Usually you do not want to implement a parser from scratch. Instead, you can use existing libraries or tools that provide parsing capabilities. Here are some popular options:

### Parser Generators

Parser generators automate the creation of parsers from formal grammar specifications. They typically generate code for a specific parsing algorithm, such as LALR or LL(1). Some popular parser generators include:
* **ANTLR**: A powerful parser generator that supports multiple languages and generates parsers in Java, C#, Python, and more. It uses LL(*) parsing and can handle complex grammars. - https://www.antlr.org/
* **Bison**: A widely used parser generator for C/C++ that implements LALR(1) parsing. It is often used in conjunction with Flex for lexical analysis. - https://www.gnu.org/software/bison/
* **Yacc**: An older parser generator for C that also implements LALR(1) parsing. It is less commonly used today but still relevant in some legacy systems. - [https://dinosaur.compi    lertools.net/yacc/](https://en.wikipedia.org/wiki/Yacc)
* **PEG.js**: A parser generator for JavaScript that uses Parsing Expression Grammars (PEGs).
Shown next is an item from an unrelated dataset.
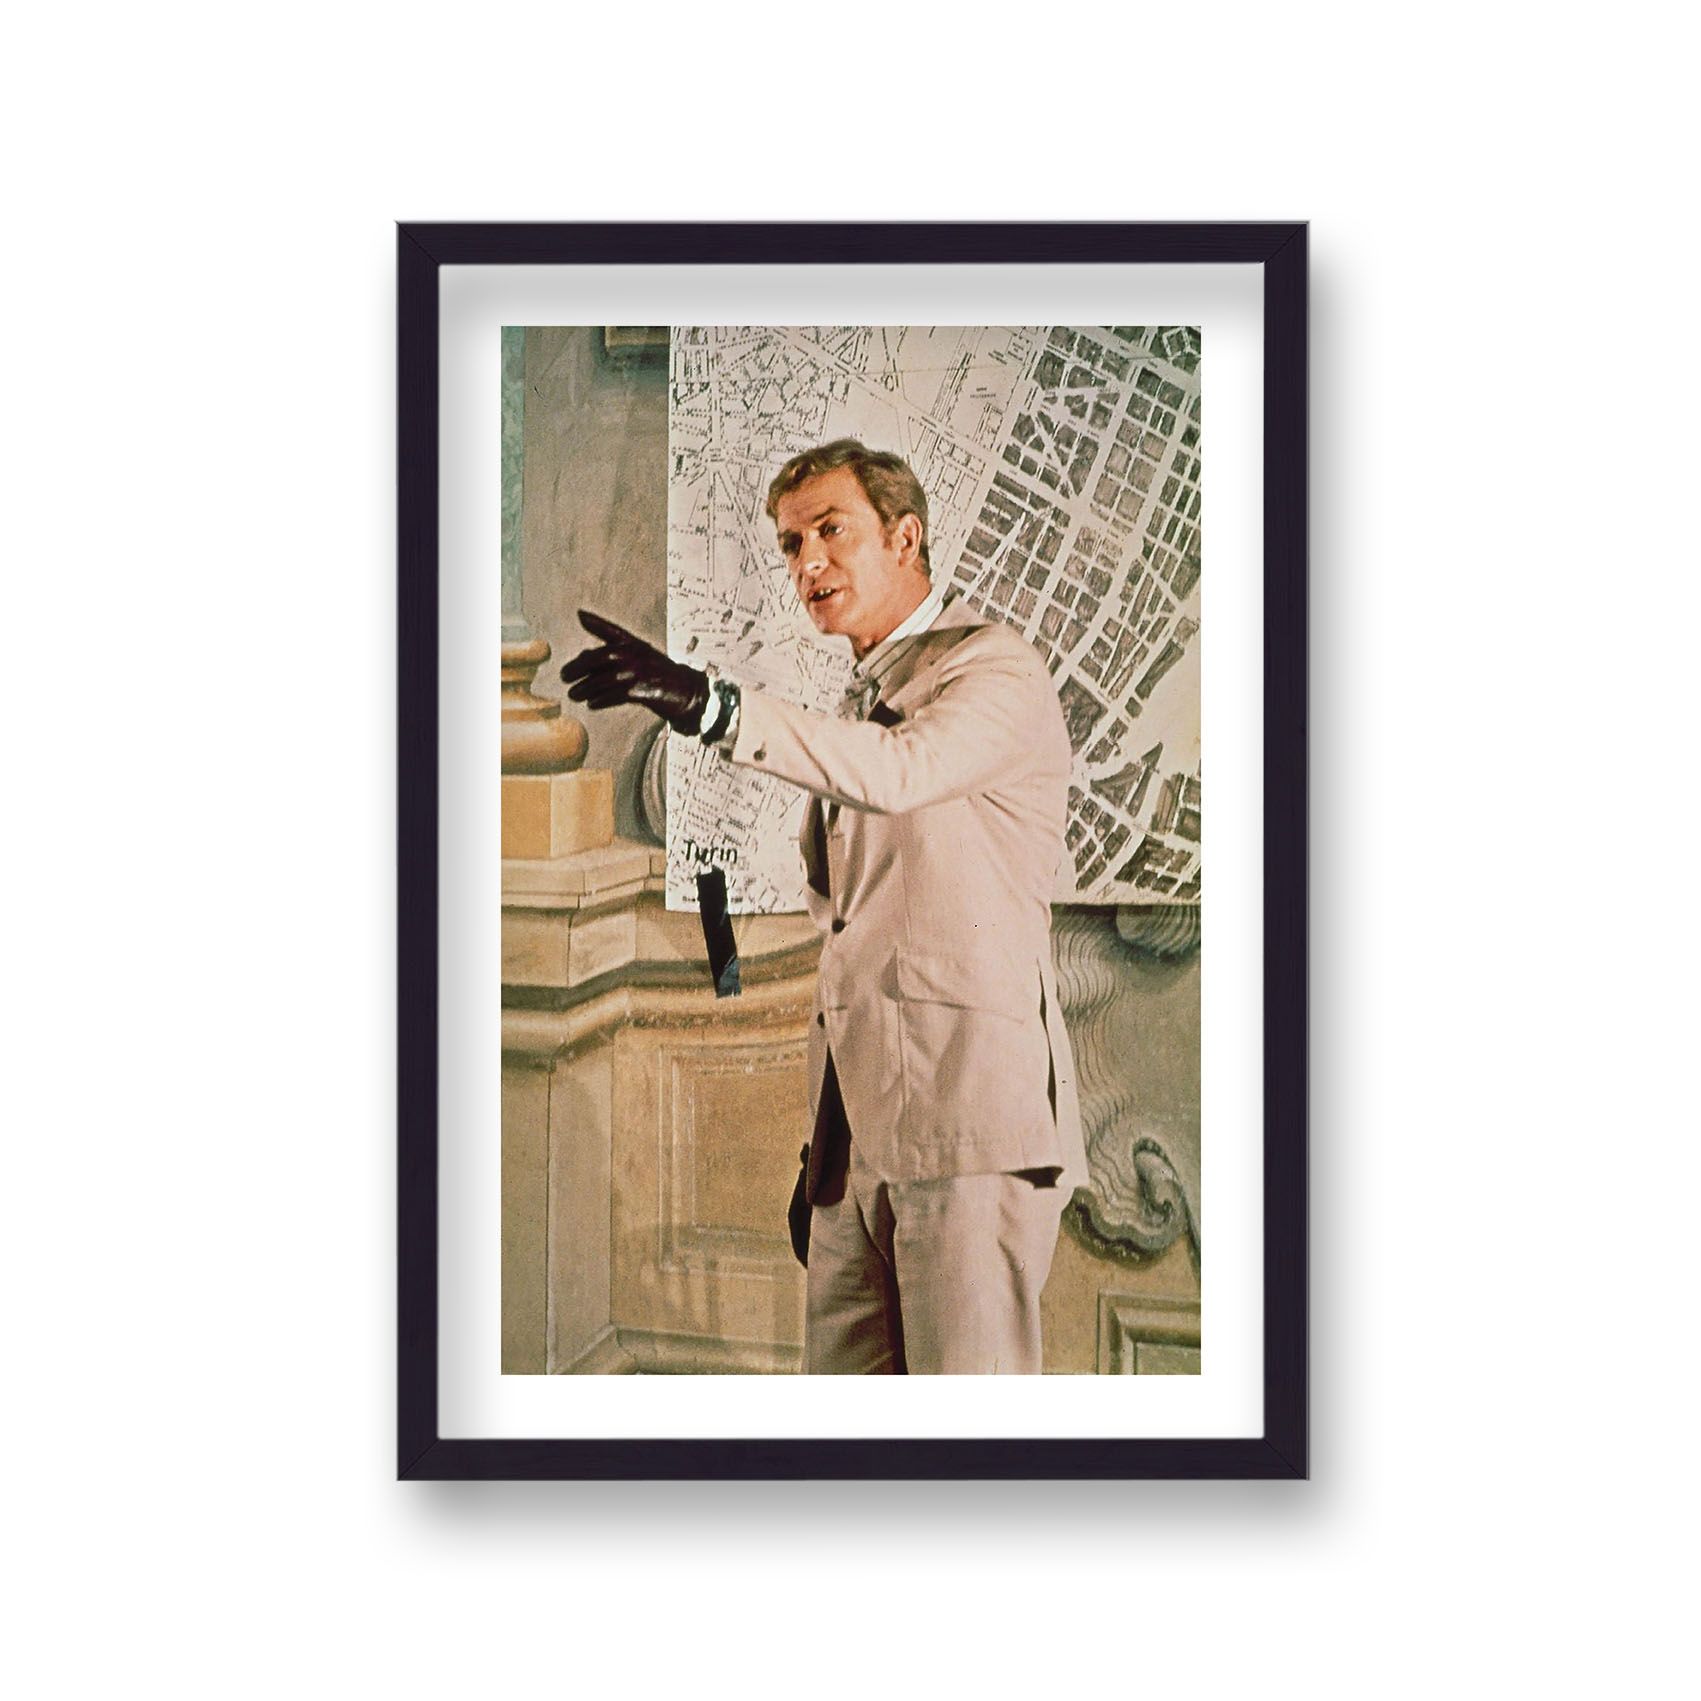 Michael Caine as Charlie Croker in Scene from The Italian Job 1969 Vintage Icon Print
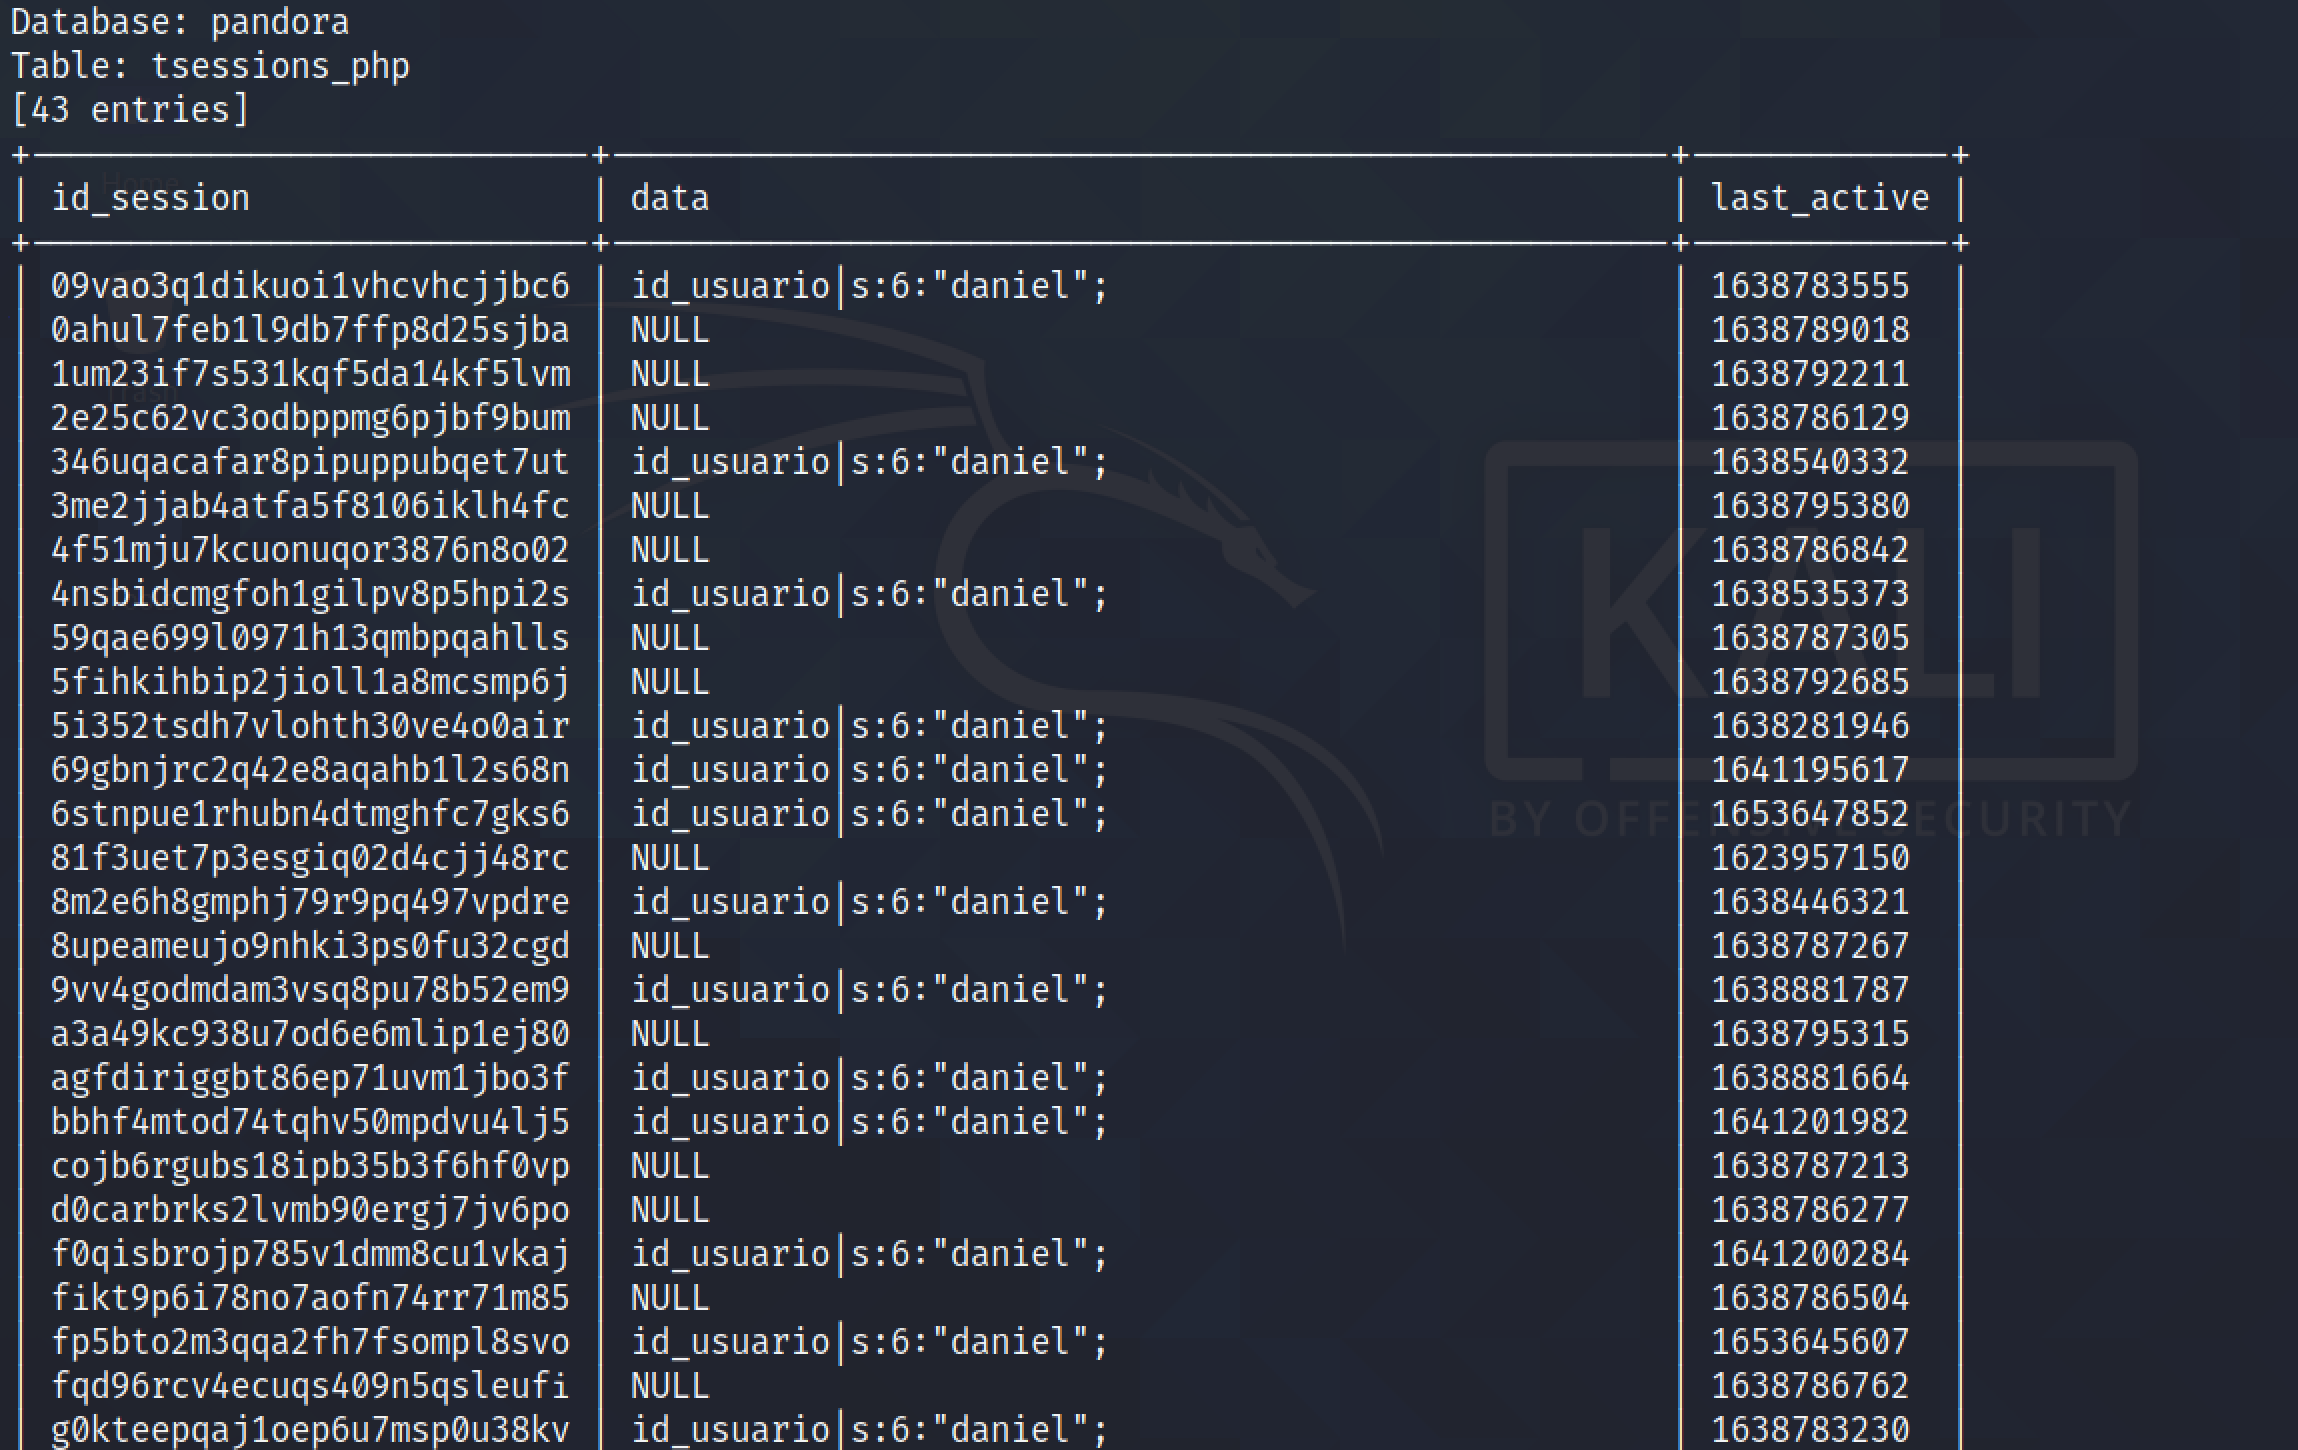 Running sqlmap to dump the contents of a table.

It is suitable for building parsers for DSLs and other applications. - https://github.com/pegjs/pegjs

In [None]:
# so we want to parse input/strings such as "5 + 6 + 10"
# eventually we would want to move to "5+6 * 10+3" and parse that correctly

In [None]:
# for addition we do not need anything fance

In [1]:
eval("5 + 6 + 7")  # this is dangerous if you do not control the string ! 
# so eval will lex the string and parse it and then actually do the work (meaning summing)

18

In [2]:
text = "5 + 6 + 7"
# no significant whitespace
clean = text.replace(" ","") # part of lexical analysis cleaning whitespace
tokens = clean.split("+") # tokenization again part of lexical analysis
result = sum([int(token) for token in tokens]) # here we skip the tree since all of the tokens are separated by +..
result

18

In [3]:
def addIntrepreter(text):
    clean = text.replace(" ","")
    tokens = clean.split("+")
    result = sum([int(token) for token in tokens]) # nice shortcut because we only have +
    return result

In [4]:
addIntrepreter("  5+5+10000+5   + 7 + 10  ")

10032

In [None]:
# how about substraction well then we will already need some sort of structure we could use a stack based structure to store operation
# "10 - 5 + 3 - 2 + 20"  should be 26

In [None]:
# we could start again by stripping whitespace and similar as it is not signifant here
# optimization would be to skip cleaning and clean whitespace as we go
# then we could save the tokens in some sort of data structure (here stacks would work nicely)
# or we could interpret as we go (so sort of like REPL)

In [5]:
def sub_add(text):
    acc = 0
    n = 0
    tok = ""
    state = "NUM" # "OP"
    operations = ["+","-"]
    op = ""
    # we really need a state machine here for determining whether we have a number or addition or substraction
    # so ONE PASS parsing, scannerless parsing since it is so trivial
    # so there is a simple state machine hidden here
    for t in text:
        if t in [" ","\t"]: # same as replace or cleaning our insignifcant
            continue
        if t.isdigit():
#             print(f"Digit is {t} and tok is {tok}")
            if state == "OP":
                state = "NUM"
                tok = "" # not efficient keep building up the NUM
            tok += t
#             print(f"Digit is {t} and tok AFTER is {tok}")
            continue
        if t in operations:
            state = "OP" # FIXME multiple operations error
            print(f"BEFORE operation  {acc} {op} {tok}")
            if op == "+": # we check the previous operation
                acc += int(tok)
                tok = ""
            elif op == "-":
                acc -= int(tok)
                tok = ""
            elif op == "": # first time
                acc = int(tok)
                tok = ""
            print(f"AFTER operation {op} {acc}")
            op = t
    if op == "+": # we check the previous operation
        acc += int(tok)
    elif op == "-":
        acc -= int(tok)
    return acc
        

In [6]:
sub_add("10 - 5 + 3 - 2 + 20")


BEFORE operation  0  10
AFTER operation  10
BEFORE operation  10 - 5
AFTER operation - 5
BEFORE operation  5 + 3
AFTER operation + 8
BEFORE operation  8 - 2
AFTER operation - 6


26

In [None]:
# for more complicated operations we will need to build a syntax tree we can't just have a simple accumulator design, 
# above is only sufficient when we have left to right order of operations

# one example is given in this course
# https://ruslanspivak.com/lsbasi-part1/

## Full Arithmetic Parser

To implement a full arithmetic parser we will separate tokenization and parsing. We will use a blank AST class to represent the tree. 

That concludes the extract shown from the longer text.